Abraham LincolnToday the Confederates emerge victorious in a minor but significant battle that is part of the Overland Campaign. In the Battle of Petersburg, Rebel forces repel an attempt by a contingent of the Union Army under General Benjamin Butler to enter Petersburg from the South. The Union loss is due in part to timidity on the part of Major General Quincy Gillmore, who holds back his X Corps at a crucial point during the battle.

While casualties are low (about 80 for the Confederacy and 40 for the Union), the battle marks the beginning of the Siege of Petersburg, a nine month campaign to subdue the city, crucial as a supply route for Richmond, by trench warfare.

As Petersburg is under assault, politics play out in the North. Having been nominated by the Republican Party (this year only going by the name of the National Union Party, in an effort to attract the votes of Border State Unionists and War Democrats in the fall presidential election) for a second term as president of the United States, today Abraham Lincoln issues a public response:

I am very grateful for the renewed confidence which has been accorded to me, both by the convention and by the National [Union] League. I am not insensible at all to the personal compliment there is in this; yet I do not allow myself to believe that any but a small portion of it is to be appropriated as a personal compliment. The convention and the nation, I am assured, are alike animated by a higher view of the interests of the country for the present and the great future, and that part I am entitled to appropriate as a compliment is only that part which I may lay hold of as being the opinion of the convention and of the League, that I am not entirely unworthy to be instructed with the place I have occupied for the last three years. I have not permitted myself, gentlemen, to conclude that I am the best man in the country; but I am reminded, in this connection, of a story of an old Dutch farmer, who remarked to a companion once that “it was not best to swap horses when crossing streams.”

As the November elections will bear out, the Northern public trusts Lincoln to bring the war against the Southern Rebellion to a close.
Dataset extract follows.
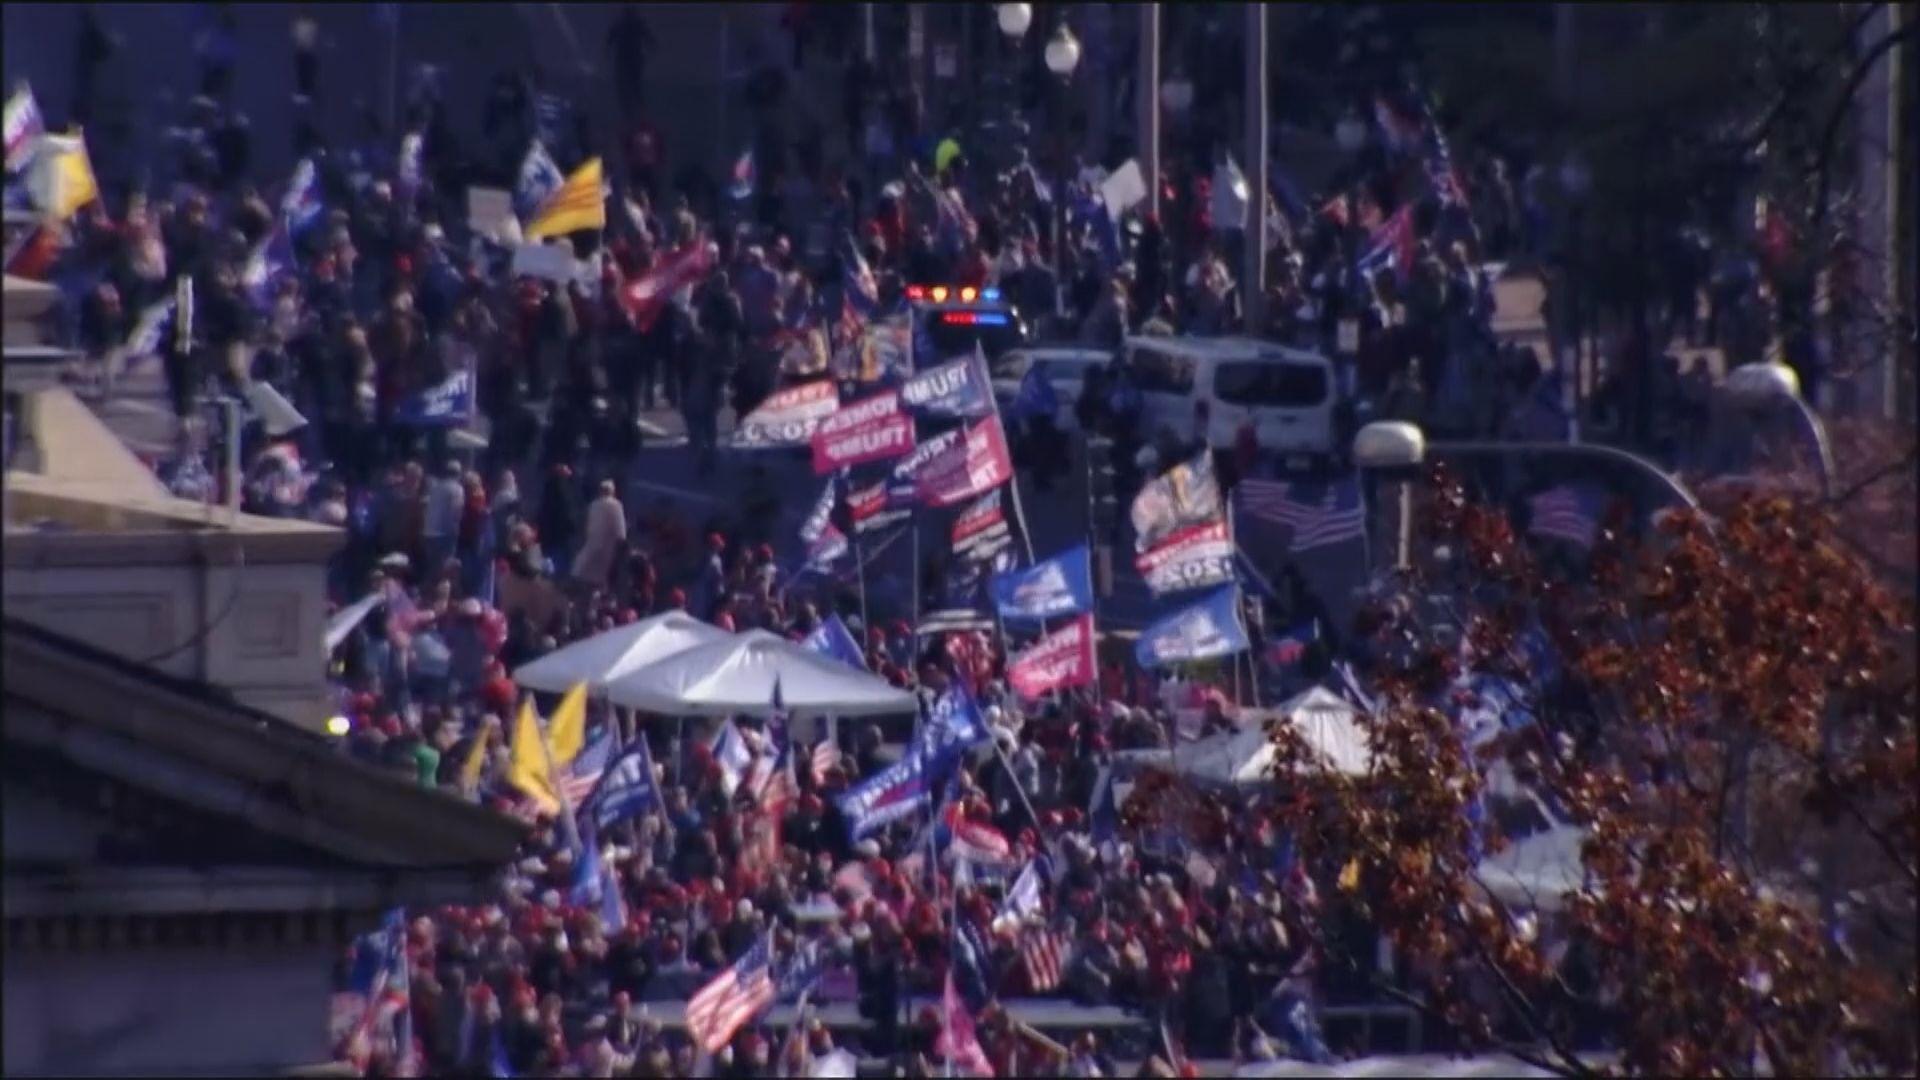 華盛頓大批民眾遊行聲援特朗普 拜登繼續籌組內閣

Southern whites, meanwhile, have found little on earth in which to place their trust. The armies of the United States have overwhelmed Confederate forces for the past year, in the process pushing ever deeper into Confederate territory. The Southern economy is in tatters, characterized by runaway inflation and widespread poverty. While politicians, planters, military officials and religious leaders, as well as other elites, busy themselves trying to rally soldiers and common folk on the home front to fight and resist the abolitionist North with renewed energy, the armies are plagued by a steady stream of desertions even as many home front folks are more concerned with day-to-day survival rather than displaying patriotism. In short, many soldiers and home front citizens are tired of fighting a rich man’s war of which the primary purpose is to maintain the institution of black slavery, an institution that largely benefits a relative handful of wealthy slaveowners.

For their part, Southern Baptist elites preach (whether in Baptist news publications or in resolutions at state Baptist meetings) reliance on God, insisting that the Confederacy is God’s chosen nation and that in His (increasingly mysterious) providence, God will (when He is ready) lead the South to victory and enshrine white supremacy and black slavery for all time, making the Confederate States of America a nation that blesses the entire world.

When not encouraging the white Baptist public with such lofty notions in the midst of dark times, some Baptist writers turn to the one earthly place where all their readers can readily place their faith: mothers.

The image of a mother is powerful in the antebellum and Civil War era period in which men are too often too profane and uncouth for the Kingdom of God. Mothers are good, pure, caring and holy, and Southern Baptist writers play up the imagery of mothers quite often, one example of which is an article in this week’s North Carolina Baptist Biblical Recorder.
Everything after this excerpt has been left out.